3 Lessons From Robert Greene's Mastery to Unlock Your Inner Genius (You Can Be the Next Da Vinci or Einstein)
03 Jan 2026 #booksThere’s no secret behind the great masters of history.
We often think their success comes from a wealthy family, superintelligence, or invisible forces from other planets.
But in Mastery, Robert Greene shows there’s a process behind the success of those great minds. A process we can replicate to become a master too.
Here are my three main lessons from Mastery:
#1. “Mastery is like swimming”
We all have a natural inclination.
Maybe it’s writing, connecting with others, dancing, numbers, or animals. We’re drawn to something when money and a safe path aren’t involved.
Often, our inclination is clear when we’re kids.

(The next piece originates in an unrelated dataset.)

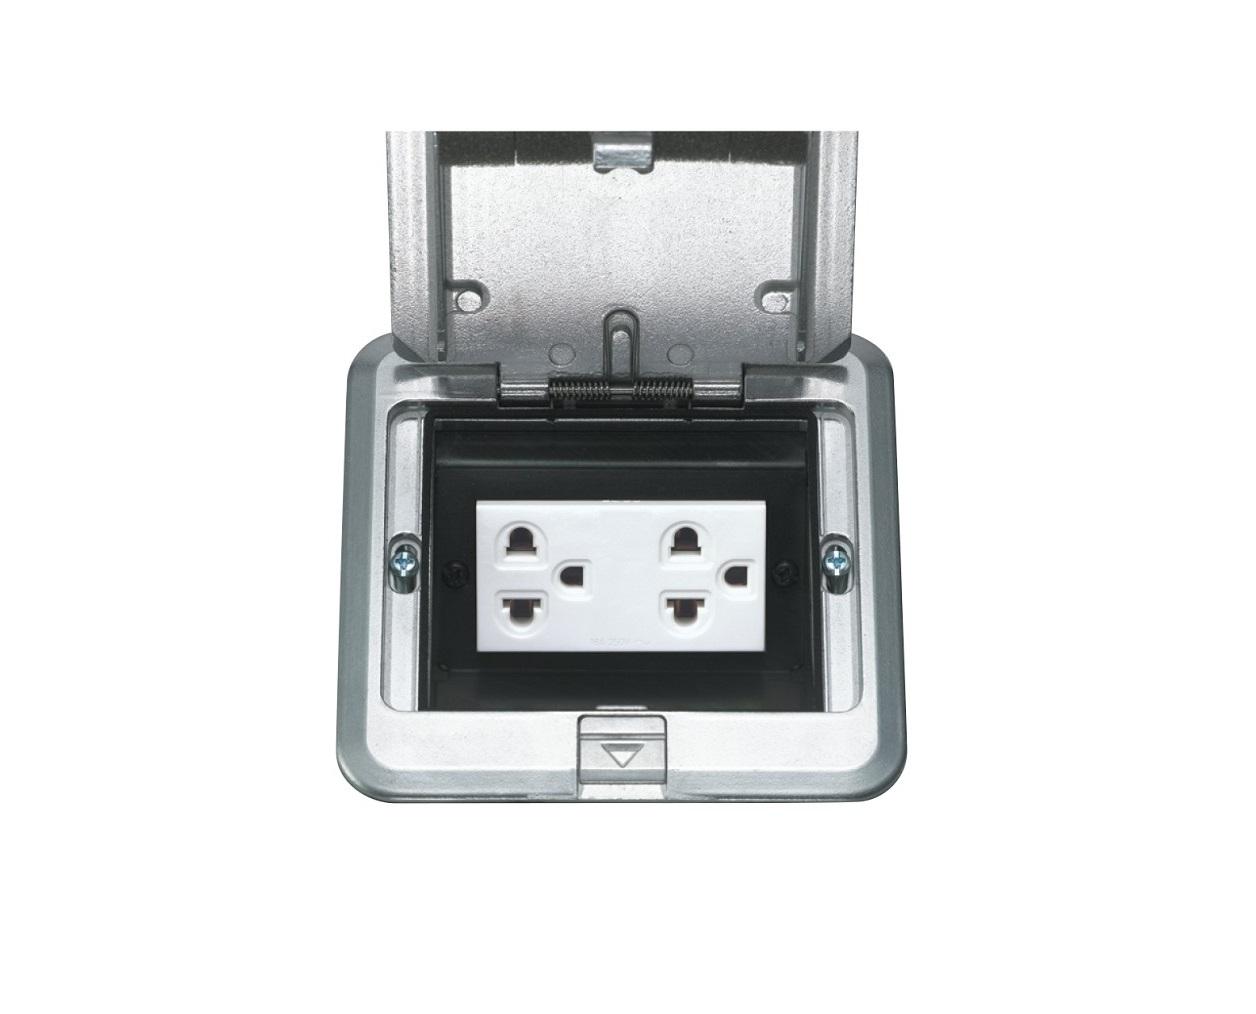 Ổ cắm điện đôi 3 chấu âm sàn Panasonic DUF1200LTK-1

For Einstein, that was seeing a compass for the first time. The forces moving the needle captivated his whole life.
To achieve mastery, follow your natural inclination and your strengths.
Like in swimming, you’ll barely move if you’re going against the current. That’s what happens when you try to master something you’re not suited for.
#2. Discover your Life’s Task
“Your Life’s Task is to bring [the seed planted at birth] to flower, to express your uniqueness through your work.”
Some masters know their Life’s Task since childhood. But others only find it after a phase of discovery and exploration.
Yoky Matsuoka is one of those masters.
She wasn’t interested in the traditional careers like law or medicine. She was into tennis. Her parents sent her from Japan to the US to pursue tennis, but an injury ended that path.
Unsure what to study, she chose engineering. Later, her interest in how hands work (from tennis) led her to robotics, and eventually neuroscience to study the brain-hand connection. By combining her passions, she revolutionized the design of robotic hands, modeling them after human hands.
If you don’t fit in any field or have multiple passions, create yours by exploring and combining other fields.
#3. The process behind great masters
All masters go through a similar 3-phase process:
Apprentice, Creative/Active, and Mastery.
First, they immerse in a field, learning as much as they can. For Leonardo, it was countless hours of sketching the landscape of his walks around the forest. Then, it was working under Verrocchio, one of the master painters of his time.
Then, all that immersion clicks and the master ventures into their own creations. That usually means taking distance from mentors and finding their own way.
Finally, their field becomes second nature, guided by intution. Notes flow on a piano, scenes come alive on canvas. The apprentice becomes a master. And that’s not the result of magic, but immersion, practice, and persistence—A path open to anyone willing to walk it.